1h 3m 5s Xeon 2630L (10c/20t 65W TDP), 4x64GB DDR4-2133 ECC LRDIMMs Pop!_OS 22.04 This run needed ~233 GB physical and ~245 GB virtual memory per the output window.

And ran the 60GB CFD-EM one on the hardware that still could (i.e. no sense swapping the ram back into the 7200U :yay:). Both solvers just in case something wacky popped out:

time taken hardware operating system notes
21h 49m 47s Thinkpad T480 - i5-8350U (4c/8t), 64GB DDR4-2400 Pop!_OS 22.04 PARDISO run. Had Vitals set up this time, CPU floats between 2.3-3.2 Ghz during the run - rather than leveling out at the 1.7 base clock as previously thought.
20h 48m 26s Thinkpad T480 - i5-8350U (4c/8t), 64GB DDR4-2400 Pop!_OS 22.04 FGMRES run
16h 31m 50s Lenovo Legion 5 - Ryzen 5600H (6c/12t), 64GB DDR4-3200 Win11 Home PARDISO run. High Perf. power plan.
16h 18m 53s Lenovo Legion 5 - Ryzen 5600H (6c/12t), 64GB DDR4-3200 Win11 Home FGMRES run. High Perf. power plan.
11h 27m 40s Xeon 2630L (10c/20t 65W TDP), 4x64GB DDR4-2133 ECC LRDIMMs Pop!_OS 22.04 PARDISO run
12h 1m 1s Xeon 2630L (10c/20t 65W TDP), 4x64GB DDR4-2133 ECC LRDIMMs Pop!_OS 22.04 FGMRES run
13h 21m 2s Xeon 2630L (10c/20t 65W TDP), 4x64GB DDR4-2133 ECC LRDIMMs Win10 Pro PARDISO run
13h 27m 49s Xeon 2630L (10c/20t 65W TDP), 4x64GB DDR4-2133 ECC LRDIMMs Win10 Pro FGMRES run
7h 2m 8s Ryzen 7800X3D (8c/16t), 64GB DDR5-6000 Pop!_OS 22.04 PARDISO run. Did not require -3drend sw for this one.
7h 0m 18s Ryzen 7800X3D (8c/16t), 64GB DDR5-6000 Pop!_OS 22.04 FGMRES run. Did not require -3drend sw for this one.

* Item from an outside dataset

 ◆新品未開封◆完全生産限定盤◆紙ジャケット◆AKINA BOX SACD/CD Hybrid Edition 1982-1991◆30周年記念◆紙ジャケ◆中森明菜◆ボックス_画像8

I’m not sure what to make of the CFD-EM results, honestly. The Xeon and the 5600H seem to have spread out more on this one than the CFD-only, and in the other direction. Additionally, which solver is faster seems to flip flop, too. But likewise, for this particular workload the 7800X3D is getting smoked by the M1 Max that was posted upthread. :person_shrugging:

3 Likes

I think this flip in performance is coming from the Xeon’s superior threaded memory bandwidth; the CFD-EM is very memory starved, and the EM-only is basically a memory bandwidth benchmark.

I’ve been fairly impressed with the Apple silicon. I’m this :pinching_hand: close to going over to the Mac Studio subreddit and pestering someone with an M2 Ultra to run the CFD-EM benchmark.
If that little desktop can beat the best single socket x86 has to offer I think I might buy one of those my next upgrade.

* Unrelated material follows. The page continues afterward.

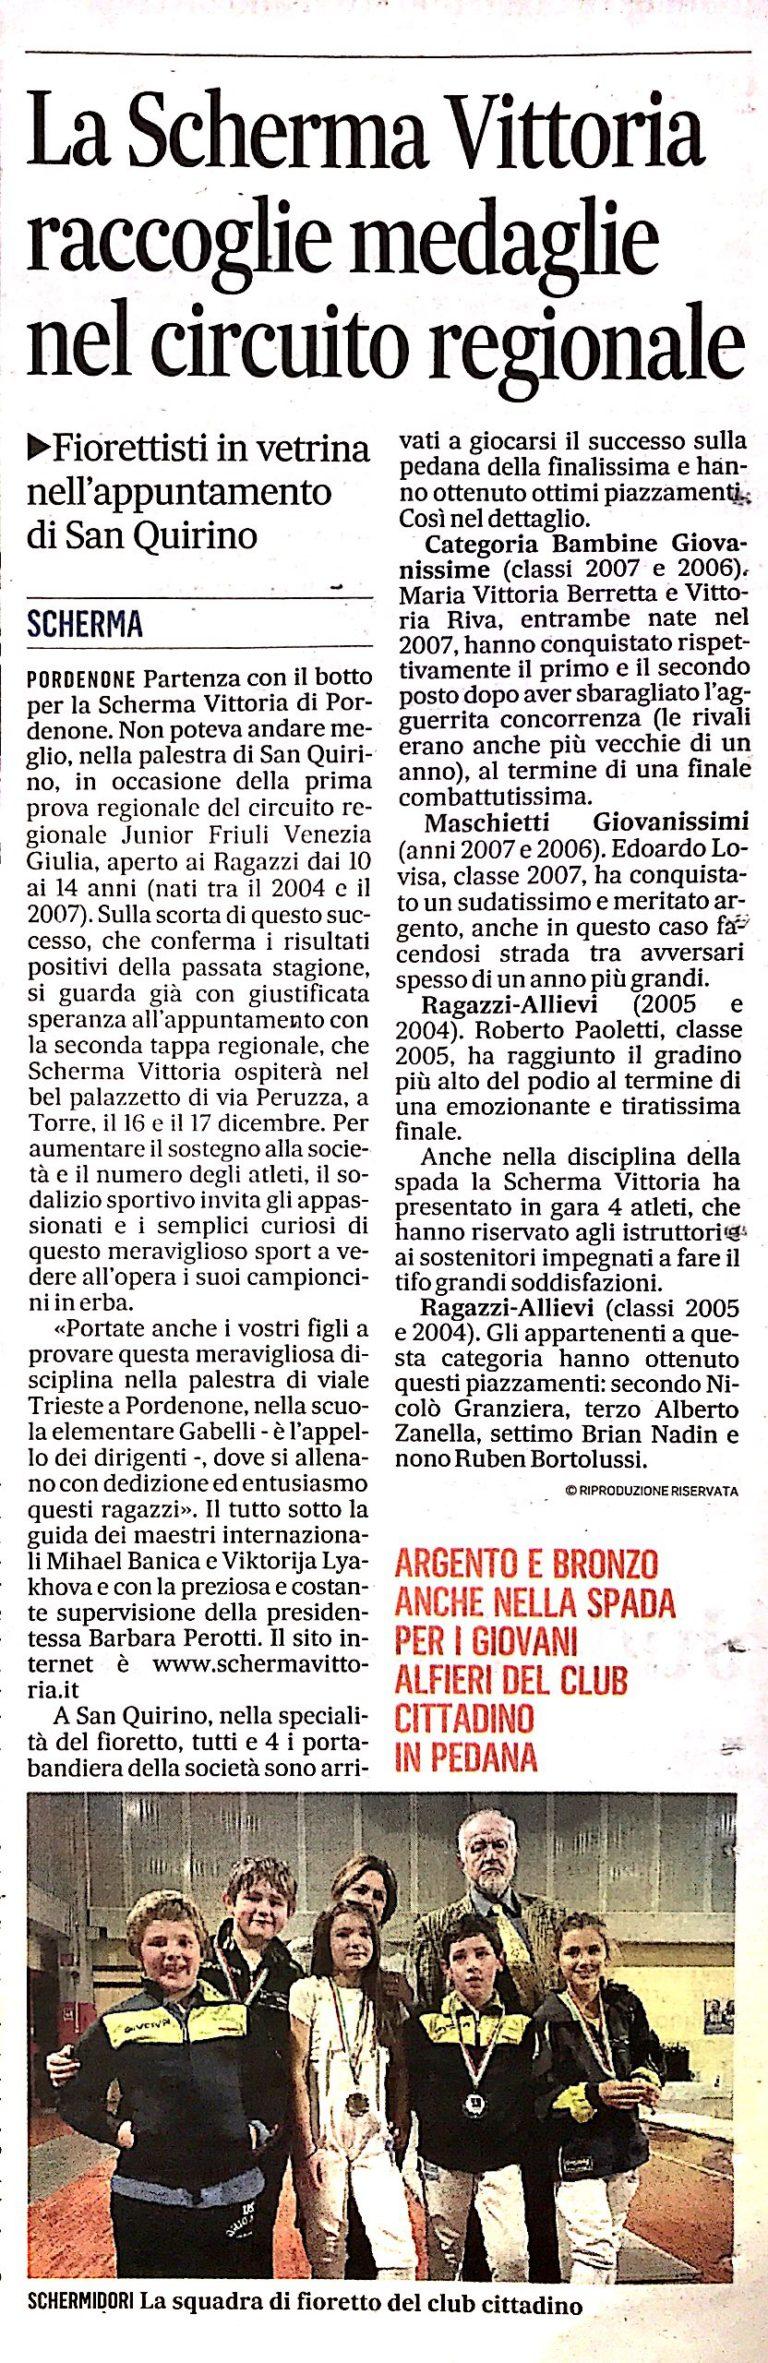 Il Gazzettino 27/10/2017

This is probably at least partially due to the difference in memory concurrency between disparate cores on Intel and AMD architectures.

2 Likes

This inspired me to install dual boot with pop-os Linux, and it is indeed faster, I guess COMSOL is just faster in Linux?

CFD-EM: 3h 31m
CFD Only: 17m 54s (first into the 17’s !, like drag racing LOL)

With -3drend sw seems not usable to me to run daily Linux however, I have a 6800XT GPU, it looks like AMD GPU are not supported?

1 Like

It seems like the hardware accelerated graphics problem is distro dependent rather than hardware depended. AMD GPUs have always worked for me in the past.

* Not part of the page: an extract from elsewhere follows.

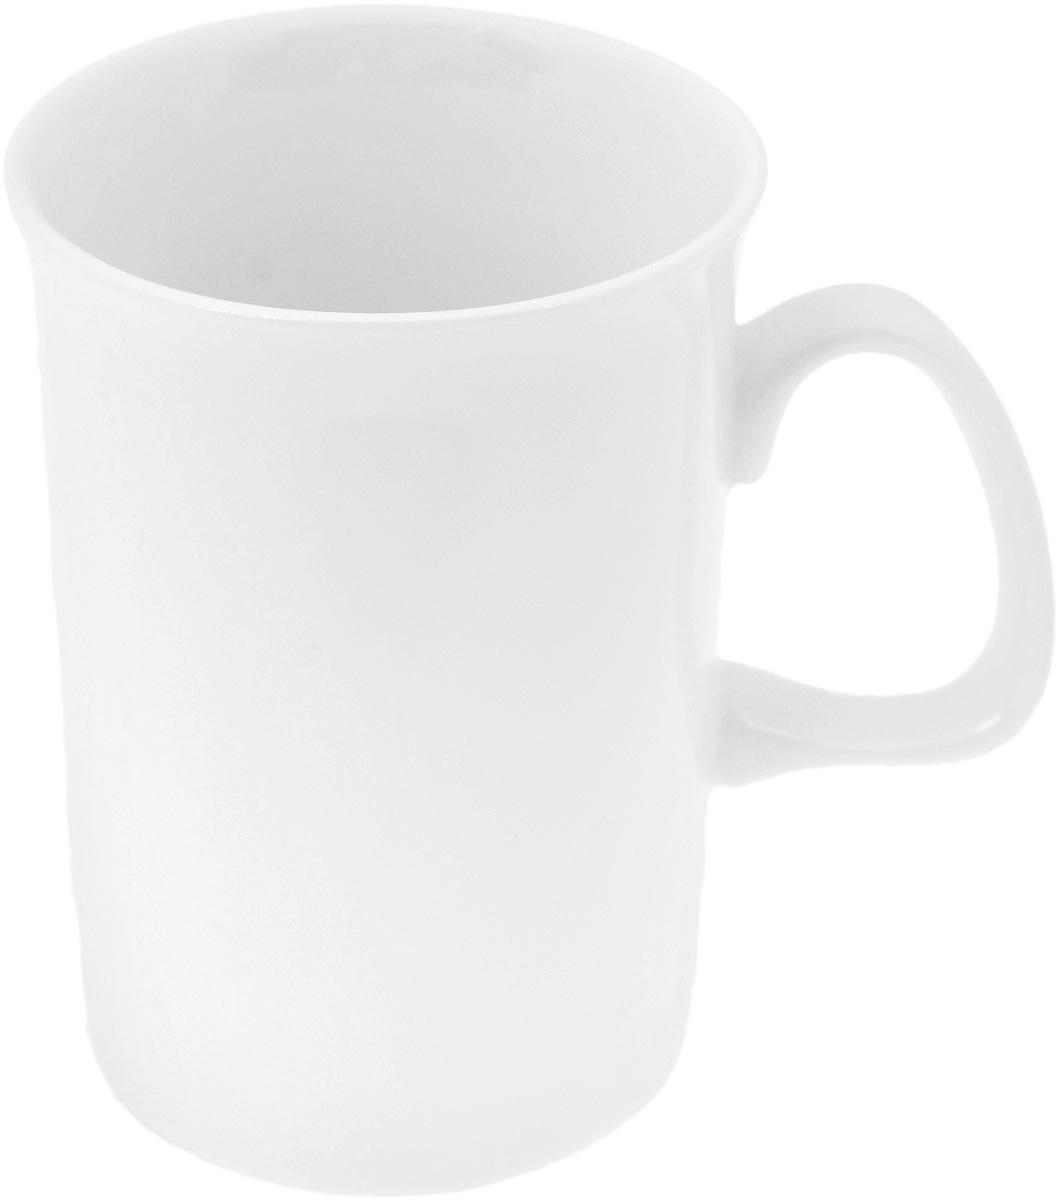 """Кружка """"Wilmax"""" изготовлена из высококачественного фарфора и сочетает в себе оригинальный дизайн и функциональность. Такая кружка идеально впишется в интерьер современной кухни, а также станет хорошим и практичным подарком на любой праздник. Диаметр кружки(по верхнему краю): 7,7 см."""

Wendell mentioned that when he installed Oracle Java it would run without the -3drend sw argument, after having previously encountered the graphics error.
So perhaps you can get hardware accelerated graphics working if you use the Oracle Java?

Not just COMSOL but most of the intensive calculation software.
Probably better sheduling and/or access to hardware.

Interesting that for small problem the 5600H is on pair with the Xeon dispite fewer core.
But for larger problem, as pointed out by twin_savage, the Xeon take the lead due to better bandwith probably (maybe cache too).
Have you run the 7800X3D on the other version of the bench ?

The AOCL BLAS? No, not yet. I’ll give it a try and report back.